Performance Investigation of the Immersed Depth Effects on a Water Wheel Using Experimental and Numerical Analyses

The purpose of this research is to study the effect of different immersed depths on water wheel performance and flow characteristics using numerical simulations. The results indicate that the simulation methods are consistent with experiments with a maximum error less than 5%. Under the same rotational speeds, the efficiency is much higher and the fluctuation amplitude of the torque is much smaller as the immersed radius ratio increases, and until an immersed radius ratio of 82.76%, the wheel shows the best performance, achieving a maximum efficiency of 18.05% at a tip-speed ratio (TSR) of 0.1984. The average difference in water level increases as the immersed radius ratio increases until 82.76%. The water area is much wider and the water volume fraction shows more intense change at the inlet stage at a deep immersed depth.
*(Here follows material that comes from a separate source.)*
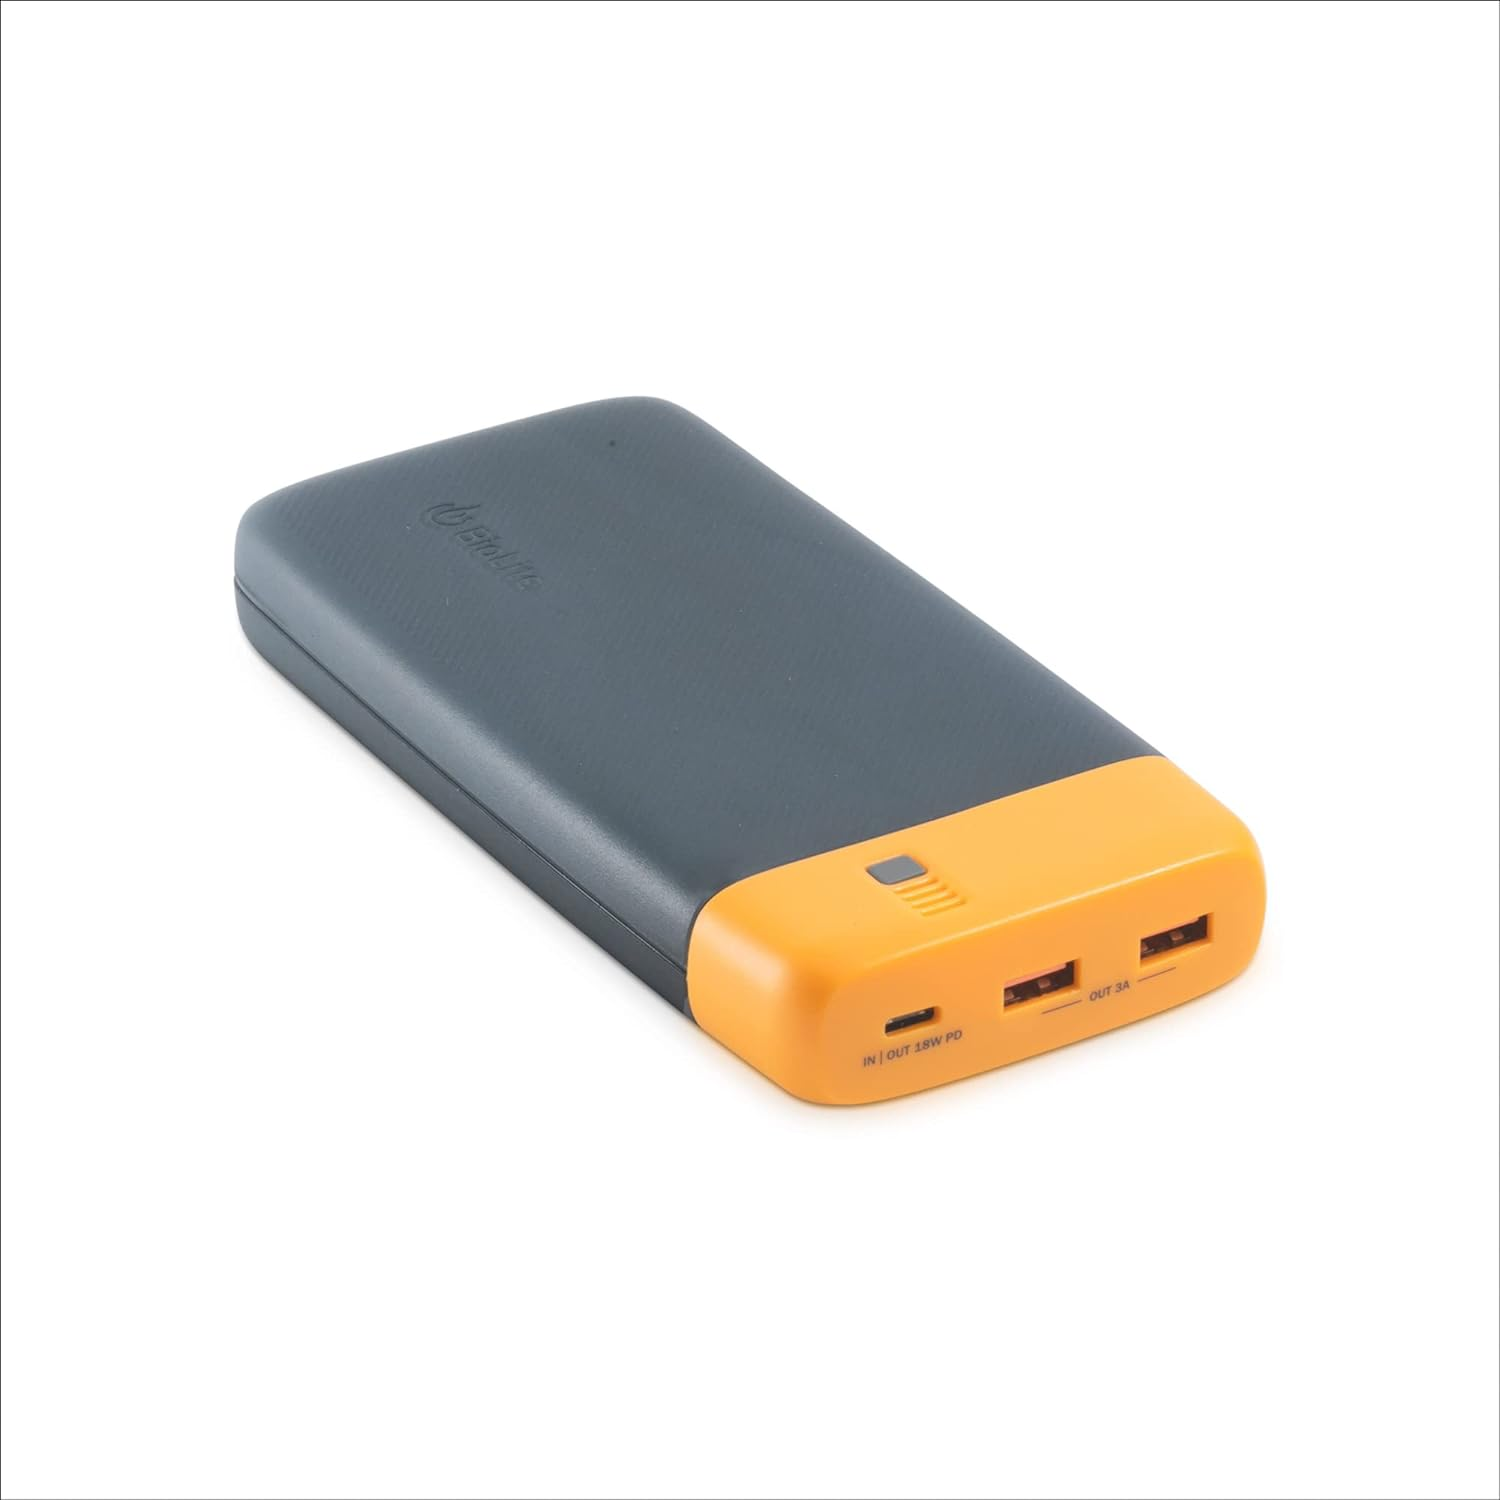 BioLite Charge 80 PD Power Bank on white background.

At an immersed radius ratio of 82.76%, some air intrudes into the water at the inlet stage, coupled with a dramatic change in the water volume fraction that would make the flow more complex. Furthermore, eddies are found to gradually generate in a single flow channel nearly at the same time, except for an immersed depth of 1.2 m. However, eddies generate in two flow channels and can develop initial vortexes earlier than other cases because of the elevation of the upstream water level at an immersed radius ratio of 82.76%.